Both FN and FNV have an identical sugar phosphotransferase (PTS) system. For example, in FNV genes, encoding EI and one copy of HPr are in an operon, whereas the second Hpr copy lies elsewhere on the chromosome. Both subspecies that have a PTS system for fructose have fused IIA, IIB, and IIC subunits and a second system similar to the glucose and N-acetylglucosamine BC subunits. In addition, there are two IIA subunits, one of which likely interacts with the BC subunit. The P-type ATPases for export of zinc, copper, calcium, and cadmium have been identified in FN and FNV. Both FN and FNV have two copies of arsenate export membrane proteins that could function alone or with their cognate ATPases.

Lipid Biosynthesis

All of the ORFs in FNV for lipid, phospholipid synthesis, and LPS are similar to those in F. nucleatum (Kapatral et al. 2002). FN has two licABC operons, whereas one in the sequenced region of FNV has been identified. There is an orphan licC and licA ORF distant from the licABC operon. The licD ORF is displaced in both the Fusobacterium sub spp. unlike Haemophilus influenzae (Kapatral et al. 2002). The fatty acid biosynthesis genes such as oxoacyl synthase, oxoacyl reductase, and enoyl reductase, except for 3-hydroxyfecanoyl dehydratase, are identical in both genomes. Four ORFs for oxoacyl synthase in FNV and three in FN have been identified.

Bioenergetics

Fusobacteria generate most of its energy equivalents by fermentation of amino acids and carbohydrates. The primary respiratory system for Fusobacterium sub spp. is oxidative phosphorylation. Fusobacterium sub spp. lacks classical components of the aerobic electron transfer chain such as complex I (NADH-quinone oxidoreductase, (EC 1.6.5.3), complex II (succinate:quinone oxidoreductase, EC 1.3.9.1), complex III (ubiquinone-cytochrome c reductase, EC 1.10.2.2), terminal, and complex IV (cytochrome or quinol reductase). Nevertheless, they can survive under microaerophilic conditions because of the presence of NADH oxidase (EC 1.6.99.3).

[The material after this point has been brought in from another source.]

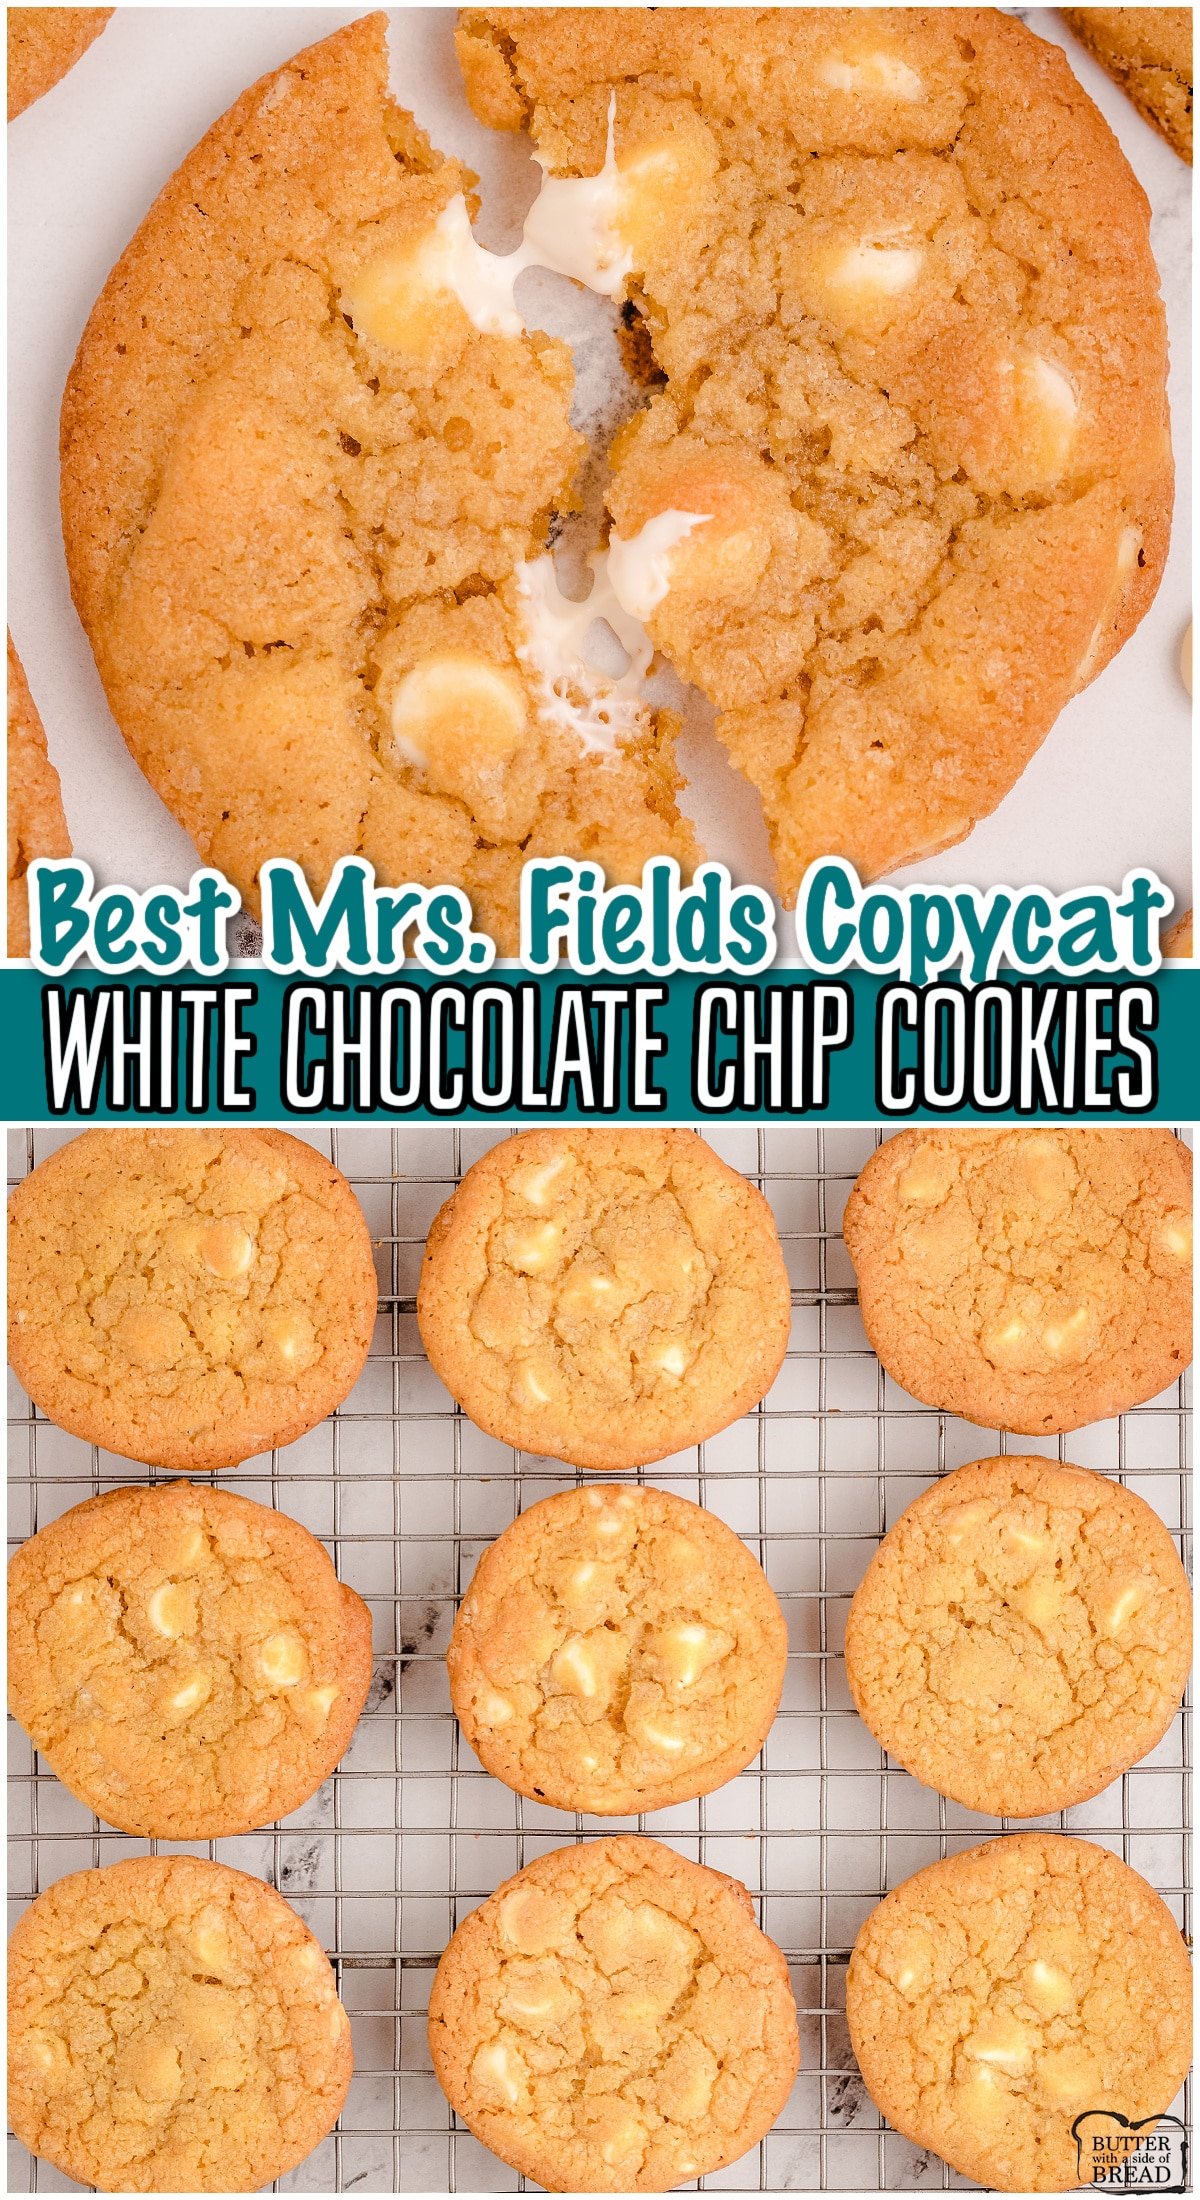 Mrs. Fields White Chocolate Chip Cookies are the perfect copycat recipe loaded with white chocolate chips & incredible flavor! White chocolate chip cookies with crisp buttery edges & soft, chewy centers.

The anaerobic respiration system in Fusobacteria is complex. Several major routes for electrons that enter into the respiratory chain have been identified, including Na+ translocating NADH-quinone dehydrogenase (EC 1.6.5.—), NAD (P) H+ dehydrogenase (EC 1.6.99.—), electron transfer flavoprotein-ubiquinone oxidoreductase system (EC 1.5.5.1), and D- and L-lactate dehydrogenase (EC 1.1.1.28 and EC 1.1.1.27). All of the enzyme complexes for terminal electron acceptors, including those that oxidize quinones, are absent, and only ORFs for mercuric reductase and the flavoprotein subunit of fumarate reductase are found. The presence of the latter ORF may not be functional because iron-sulfur and hydrophobic anchor subunits are absent. In addition to the above terminal electron acceptors, only FNV has the entire operon (three ORFs) for anaerobic sulfite reductase. Sulfite reductase would allow FNV to generate sulfide from sulfite. The subunit B of sulfite reductase has an FAD-binding motif, a large hydrophobic domain, and could interact with a cytosolic ferredoxin to accept electrons from the quinone pool. ORFs for ubiquinone synthesis have not been identified. There are two ORFs that encode enzymes (O-succinylbenzoate CoA-synthase and 1,4-dihydroxy-2-naphthoate octaprenyl transferase) involved in menaquinone biosynthesis in FN, but none in FNV. An ORF for 1,4-dihydroxy-2-naphthoate octaprenyltransferase is found in FNV. It is not surprising to find menaquinone as an electron transport component in Fusobacteria considering its anaerobic lifestyle. Cytochrome-based electron transfer reactions are absent. Fusobacteria have a Na+ exchange-based and proton-based cycle to generate a transmembrane electrochemical gradient similar to those found in Vibrio cholerae and

Pseudomonas aeruginosa. ORFs for Na+-translocating NADH-quinone dehydrogenase, Na+ transporting ATP synthase, and a number of Na+/H+ transporters are present in both species. Both Na+/H+ antiporters and H+-translocating ATP syntheses serve as major contributors to the proton-based electrochemical gradient. On the basis of this analysis, we conclude that Fusobacteria has a limited capability for aerobic respiration and is suited for an anaerobic life style, consistent with its growth in vitro and in anaerobic pockets of mouth (Dzink et al. 1990).

C1-Carbon Metabolism

ORFs for enzymes associated with one carbon metabolism are not localized identically in the two genomes. For example, the region downstream of the ORF for formate-tetrahydrofolate ligase (FNV01815) in FN contains part of an ORF for an ABC transporter, however, in FNV there are ORFs for two transposases and a cobyric acid synthase. The ORF for cobyric acid synthase is not close to the formate-tetrahydrofolate ligase gene in FN. Both FN and FNV contain ORFs for an efflux pump and the methyltransferase in the same orientation, but the methyltransferase is only about one-fourth the size of the E. coli ortholog (Old et al. 1990). In both genomes, there are two ORFs for thymidylate synthase with the flanking genes rearranged. Comparing a 10-kb sequence upstream of the ORF FNV02128, we identified two FNV ORFs with unknown function (FNV02123, FNV02124), followed by an ORF for the MarR family of transcriptional regulators. However, the flanking ORFs are different in FN, and the MarR transcriptional regulator (FN00689) is located elsewhere in the genome. The second ORF for thymidylate synthase has identical downstream regions in both genomes, but the two ORFs are absent from the upstream region in FN (Fig. 5).

Figure 5
Gene shuffling flanking a thymidylate synthase locus. The ORFs represented among FN and FNV genomes are colored and numbered as a set according to homology and paired bidirectional best hits. The sets are (1) thymidylate synthase, (2) hypothetical ...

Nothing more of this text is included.